Down below, the operating QTH was well screened by steep 1000’ hillsides but the Butternut did its stuff and we had no problem working the IOTA enthusiasts in Europe and the USA. The WABers were another matter altogether as they were quick to point out that St Kilda sits on the intersection of four separate squares and wanted a QSO from each. Presumably a station on the exact cross point would have met this need with one QSO but that physical location was 800 feet up a very steep hill and we didn’t fancy the idea of carrying anything up there.

NF09 could be reached by a level walk of about 400 yards from the campsite but NA00 was over the peak of Mullach Mor some 1200 feet above us and NA10 was at a similar height in territory we knew to be guarded by aggressive nesting skuas. (We had already been divebombed by them on an early walk around the island.) We agreed to do NF09 at 1800 on the 13th and with assistance from the army in the shape of a Land Rover ride up the single track road to the summit were able to do NA00 at around 1830. Equipment for these excursions was the TS120 car battery, and trusty Butternut vertical.

The last night was spent in the bar signing the visitors book; the ceiling! A stepladder was supplied and our callsigns were added to all the other names. We looked hard but could find no trace of the 1988 VHF expedition up there so concluded they were too drunk to climb the ladder or too wedded to operating to spend time in the bar!

The return voyage was fairly uneventful. For once the wind was behind us and were were able to sail all the way back to Amhuinnsuidhe making a short tour of the other islands in the St Kilda group on the way. Even the Decca navigator started working and was soon mastered by Catherine, G6OQA, who kept us regularly informed of progress and bearing to steer.

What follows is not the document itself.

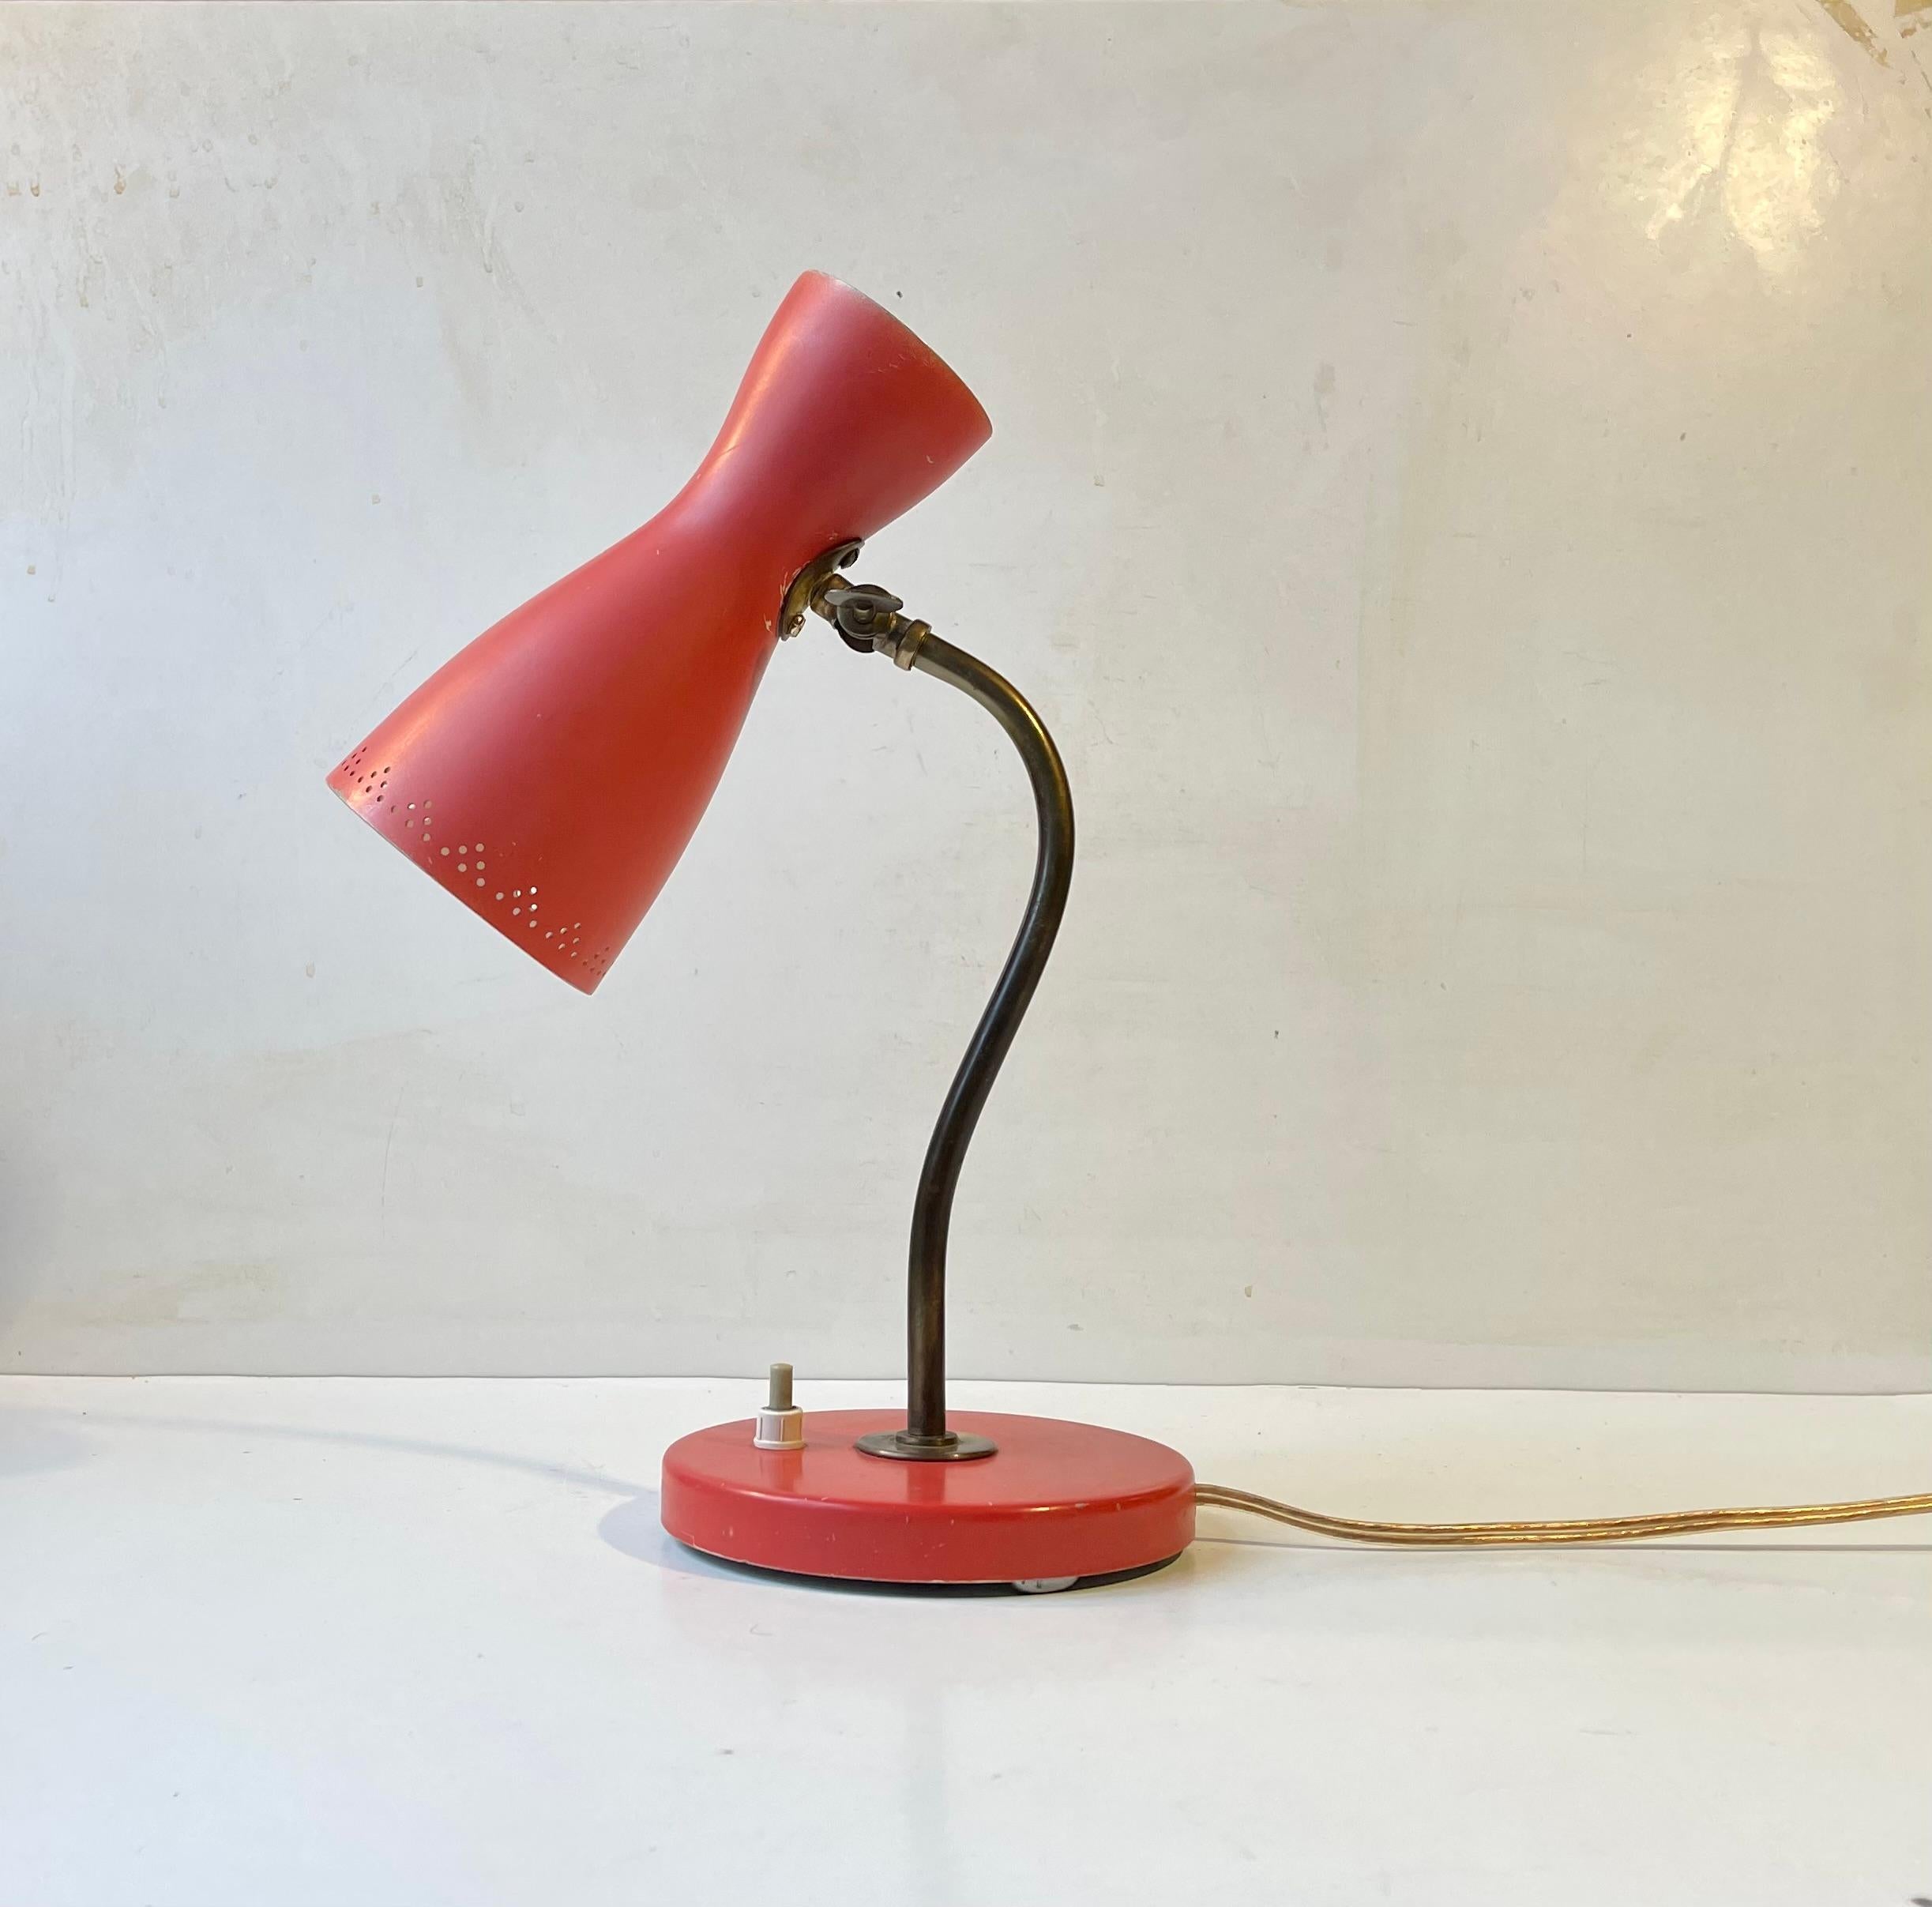 Small ASEA table, desk or nightstand lamp attributed to Svend Aage Holm-Sørensen and made by ASEA in Sweden during the 1950s in a style reminiscent of French Modernist and Italian Stilnovo lighting. It features an organically shaped almost

Her course was monitored by Donald which was just as well because in the final approach up West Loch Tarbert we all forgot that although the computer was giving us the correct course to the anchorage we had forgotten to tell it there was a headland in the way.

Unloading produced a narrow escape to the great amusement of most of the onlookers. (The exceptions were Donald’s next party who had come to check their departure time and begun to wonder what they were in for!) Having filled the dinghy with rucksacks, etc, we stepped in, cast off and tried to start the engine. This is not the approved order, although we did get the first bit right and we soon found ourselves being blown down the creek without a paddle. Yes the dinghy was usually equipped with paddles but we’d left them on the boat! They were thrown out to us but fell short and the jerry cans we had with us didn’t make an adequate substitute. Just as we were drawing lots to decide who would swim for them, the engine spluttered into life.

The rest of the trip was uneventful. We took Don back to the airport where for some reason British Airways was flying a jet in the livery of Presidential Airlines of Washington DC and then headed for home via the Stornoway-Ullapool ferry. QSO totals were 1500 from Flannans and 1000 from St Kilda. A jolly good time was had by all. Honestly.

The members of the group would like to express their appreciation for the skills (nautical and culinary) and goodnatured round-the-clock assistance of ‘Annag’s’ skipper Donald Wilkie and temporary crewmember Billy Mackinnon. Rarely can they have had such an eccentric bunch of passengers and we trust that our antics will amuse future charterers just as Donald’s tales of past voyages amused us.